Hi Mik I am using diameter of graph concept but it's giving error. Can we use this concept for finding maximum distance for each group rather than finding distance from each node
Everything was looking formal until Sir said khandani tareeka....Sir your way of teaching is amazing
Haha yes, "khandani tareeka" 😅🙏
Thank you ❤️❤️🙏🙏
Awesome video. But having a doubt, after bipartite validation, to find the total number of groups can't we use the diameter of graph concept for each connected components and summing up them, should result in the answer. I have tried that code, but 51/55 testcases passed. Not sure, why this will not work?
sounds like a good idea can you share your code i want to see what is failing.
@@gui-codes Not able to put link because of youtube restriction.
class Solution {
public int magnificentSets(int n, int[][] edges) {
Map graph = buildGraph(edges);
int[] coloring = new int[n];
boolean[] visited = new boolean[n];
// not possible scenario
for(int i = 0; i < n; i++) {
if (!visited[i] && !isBiPartite(graph, i, coloring, visited)) {
return -1;
}
}
visited = new boolean[n];
int totalGroup = 0;
for(int i = 0; i < n; i++) {
if (!visited[i]) {
totalGroup += findDiameterOfGraph(graph, i, n, visited);
}
}
return totalGroup;
}
private Map buildGraph(int[][] edges) {
Map map = new HashMap();
for(int[] edge: edges) {
int u = edge[0] - 1;
int v = edge[1] - 1;
map.putIfAbsent(u, new ArrayList());
map.get(u).add(v);
map.putIfAbsent(v, new ArrayList());
map.get(v).add(u);
}
return map;
}
private boolean isBiPartite(Map graph, int start, int[] coloring, boolean[] visited) {
Queue q = new LinkedList();
q.add(start);
visited[start] = true;
coloring[start] = 0;
while(!q.isEmpty()) {
int node = q.poll();
for(int neigh: graph.getOrDefault(node, new ArrayList())) {
if (!visited[neigh]) {
coloring[neigh] = 1 - coloring[node]; // 0 or 1
visited[neigh] = true;
q.add(neigh);
} else if (coloring[neigh] != 1 - coloring[node]) {
return false;
}
}
}
return true;
}
private int findDiameterOfGraph(Map graph, int start, int n, boolean[] visited) {
int[] pair = traverseTillLast(graph, start, visited);
int oneEndNode = pair[0];
pair = traverseTillLast(graph, oneEndNode, new boolean[n]);
return pair[1]; // final distance from oneEndNode to last node
}
private int[] traverseTillLast(Map graph, int start, boolean[] visited) {
Queue q = new LinkedList();
q.add(start);
int level = 0;
visited[start] = true;
int lastNode = start;
while(!q.isEmpty()) {
int n = q.size();
while(n-- > 0) {
int node = q.poll();
lastNode = node;
for(int neigh: graph.getOrDefault(node, new ArrayList())) {
if (visited[neigh]) continue;
visited[neigh] = true;
q.add(neigh);
}
}
level++;
}
return new int[]{lastNode, level};
}
}
Same😢😢, I don't know why the diameter code is not working. When we find diameter from another graph, we always get farthest node in first bfs and get diameter in second bfs, But in this 52nd test case, we are not able to find the farthest node which is 11 and 17. That is why the diameter is also coming out wrong. I tried the whole day but I am not able to understand why this is happening😢😢
Does anyone found why it didn't work. since morning I am not able to figure why it failed
@@tanmaypal2003 true
Fist view 🎉❤
Hi MIK just one doubt. For finding maximum level in group can't we find the end node of each group(and find the level using bfs) rather than doing bfs/dfs for all node and then sum of all distance for each group.

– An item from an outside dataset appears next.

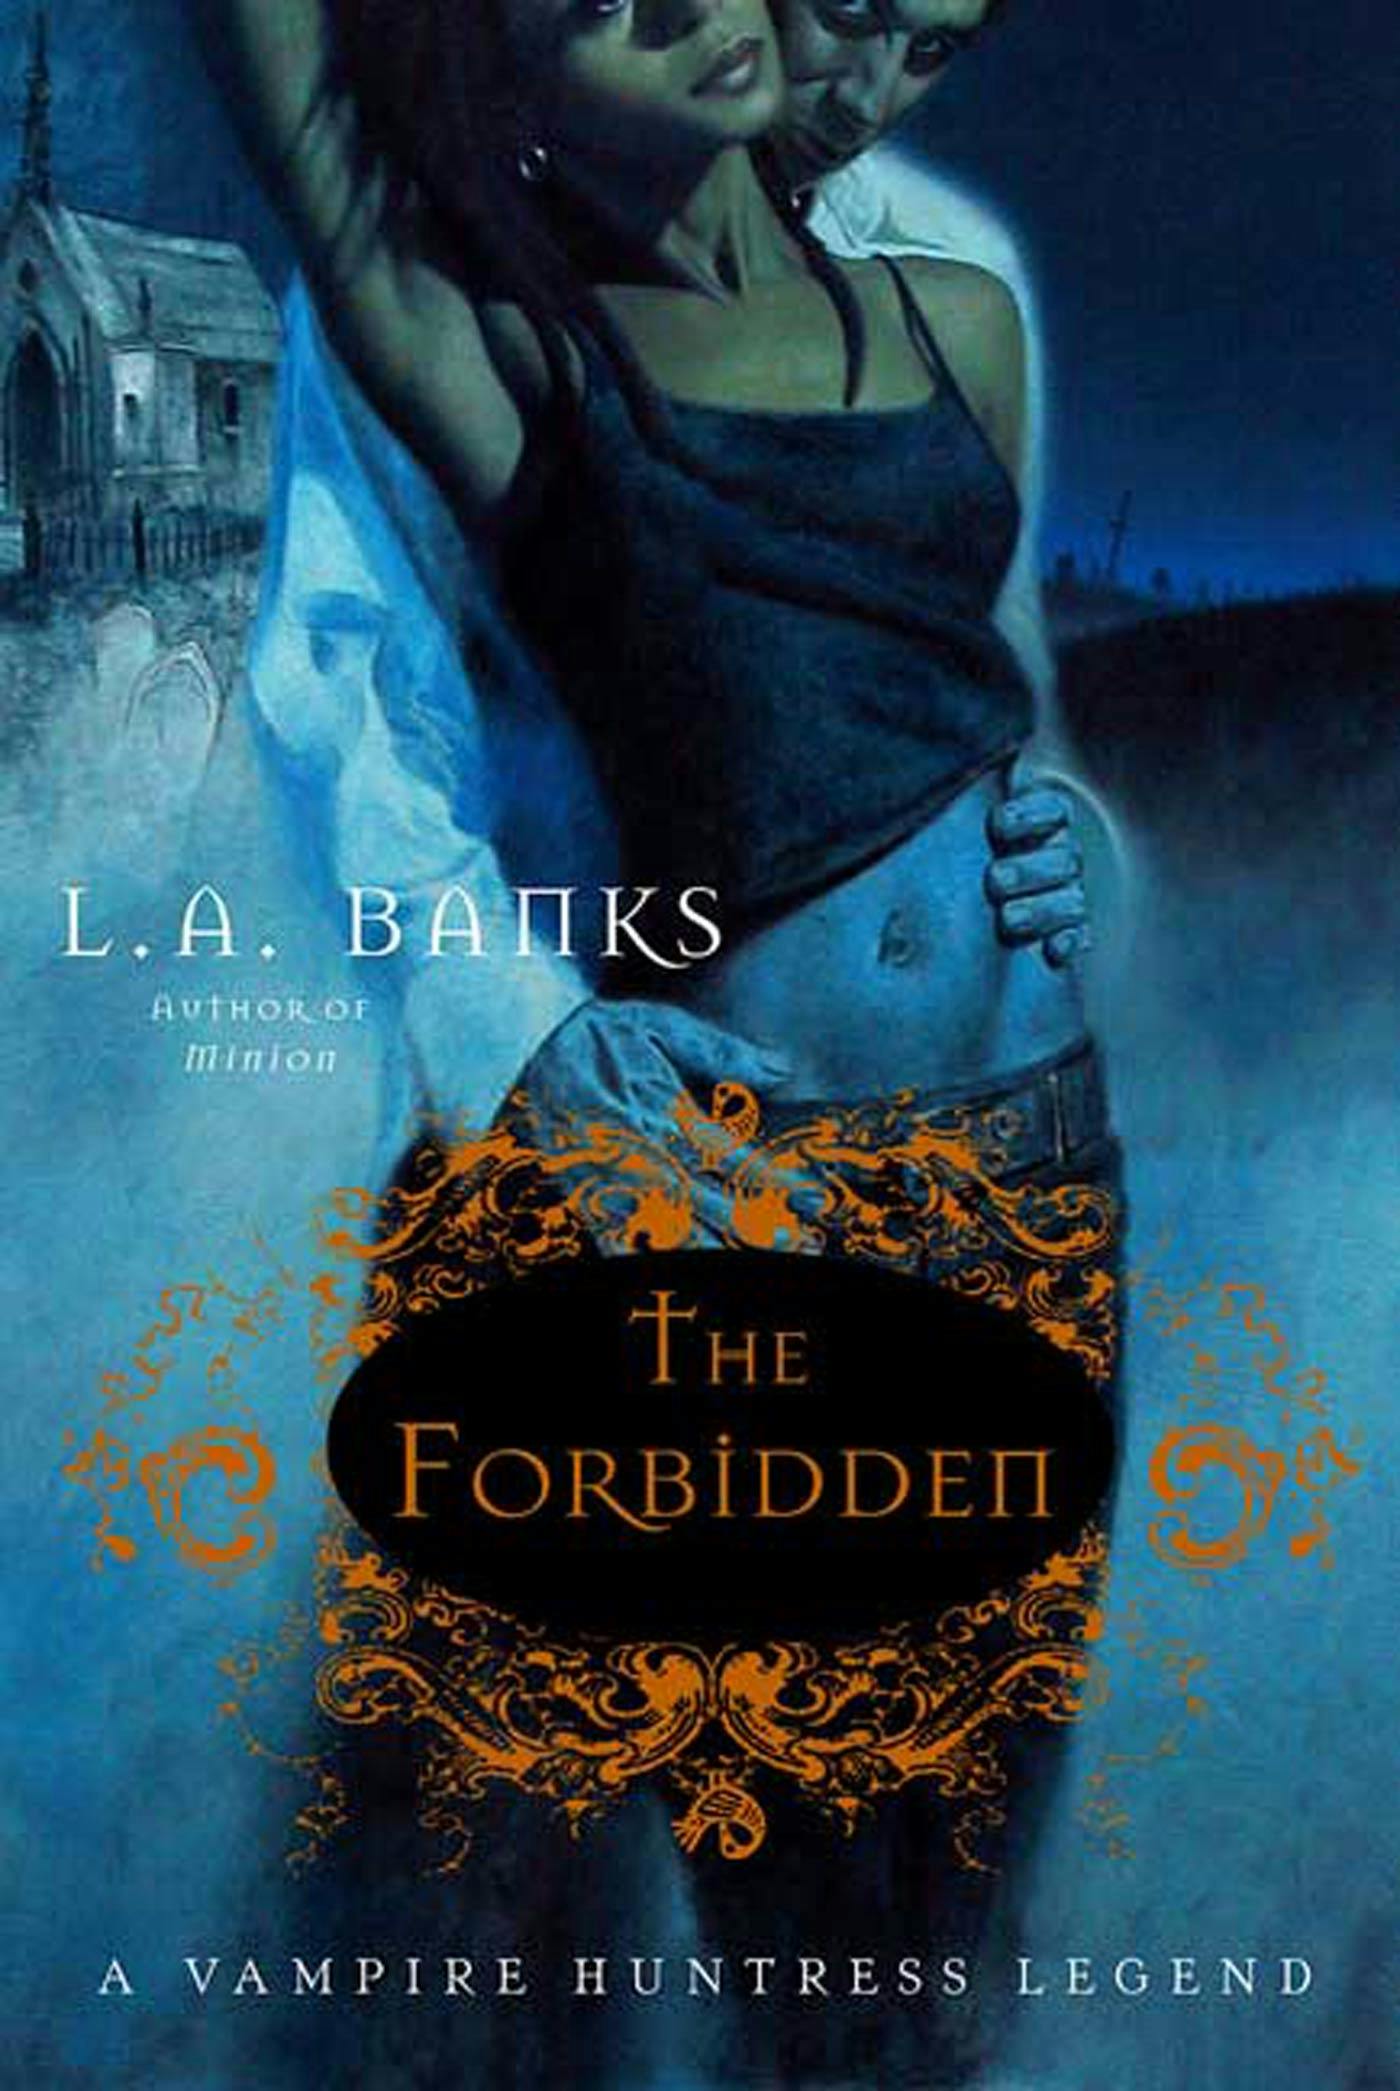 The Forbidden Book: A Novel

It's important to find bfs of every node bcoz if you observe the answer is highest when you start from the node having the least no of children or connection
in example 1, why dont we put 5 in group 3 with 2 and 4 nodes?

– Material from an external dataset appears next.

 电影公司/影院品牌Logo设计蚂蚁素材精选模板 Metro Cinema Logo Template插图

example 1 me 5 group-3 me hi gaya tha with 2 and 4. but it will reduce the number of groups to 3. we can increase the group number, if we were able to put 5 in a separate group without breaking any rule, we did that and hence groups count increased to 4
@@gui-codes ok, got it. rules+ maximising factor need to be keep in hand.

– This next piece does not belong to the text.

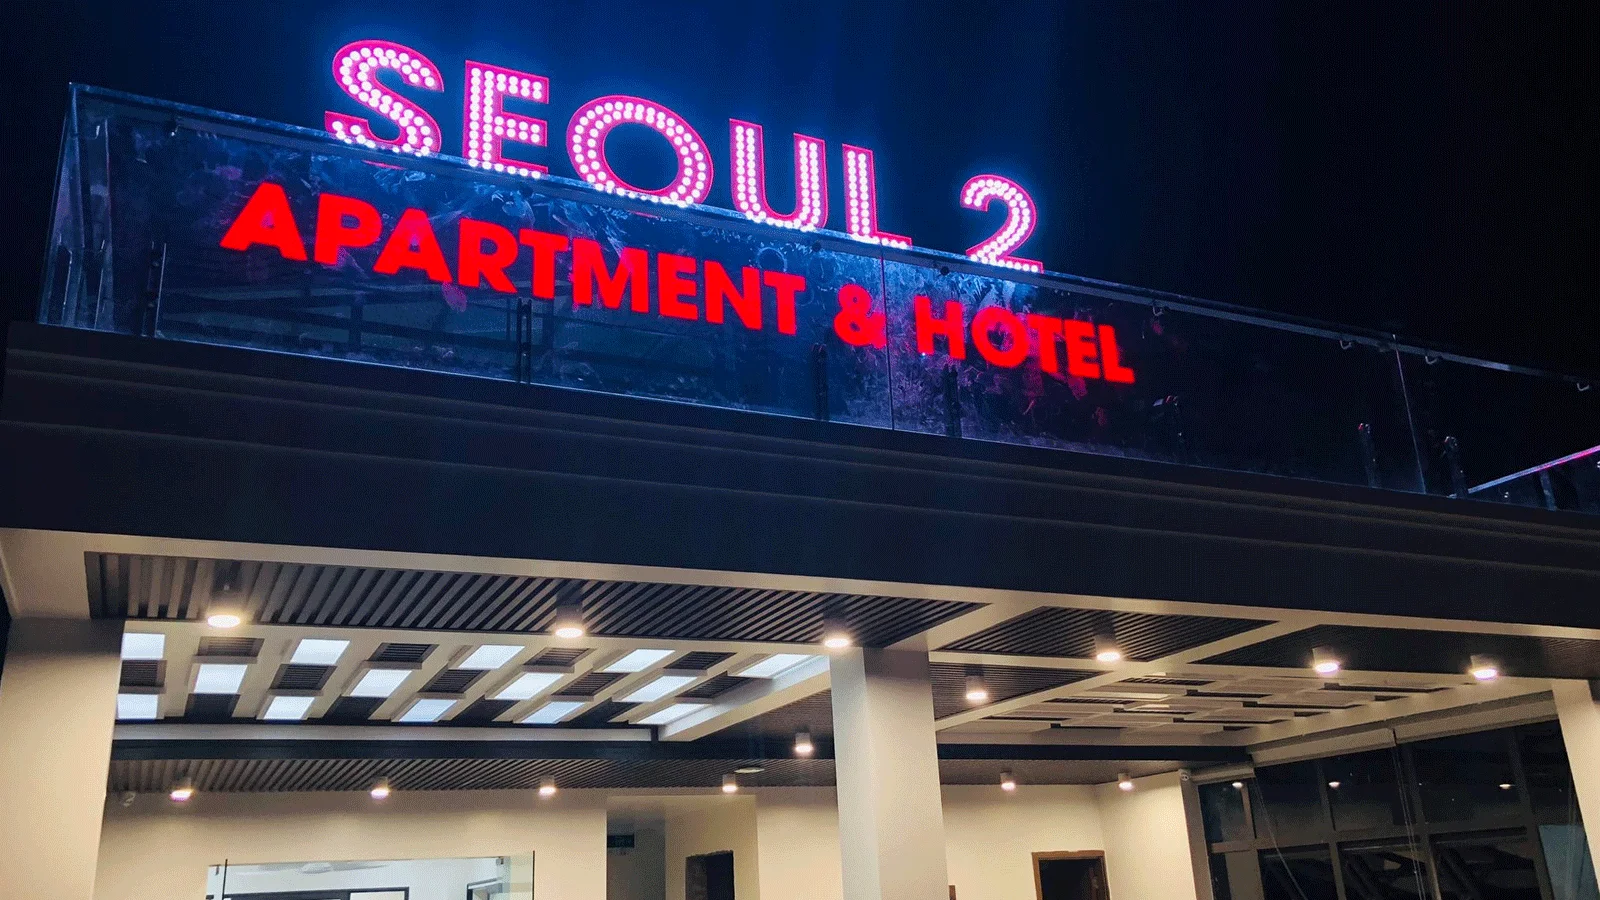 Khách sạn Cát Bà Seoul 2 Apartment & Hotel

Hey mik 👋🏻 , when will you upload 2D dp concepts video in your dp concept and question playlist....
Soon uploading more ❤❤❤
Vai please make a vdo on this 2 leetcode problems please
Serialize And Deserialize Binary Tree and
Design Twitter
what if a graph contains a cycle with even no of nodes?, it seems to be bipartite but will we be able to break it into groups?
It always will be bipartite
bhaiya please upload videos on weekly contest as well
Bhaiya bipartite word hi college mein kabhi nhi bola, to bipartite graph kyese parayenge
Unfortunately college professors skip such important topics. I remember i was taught Bipartite topic in Graph Theory subject.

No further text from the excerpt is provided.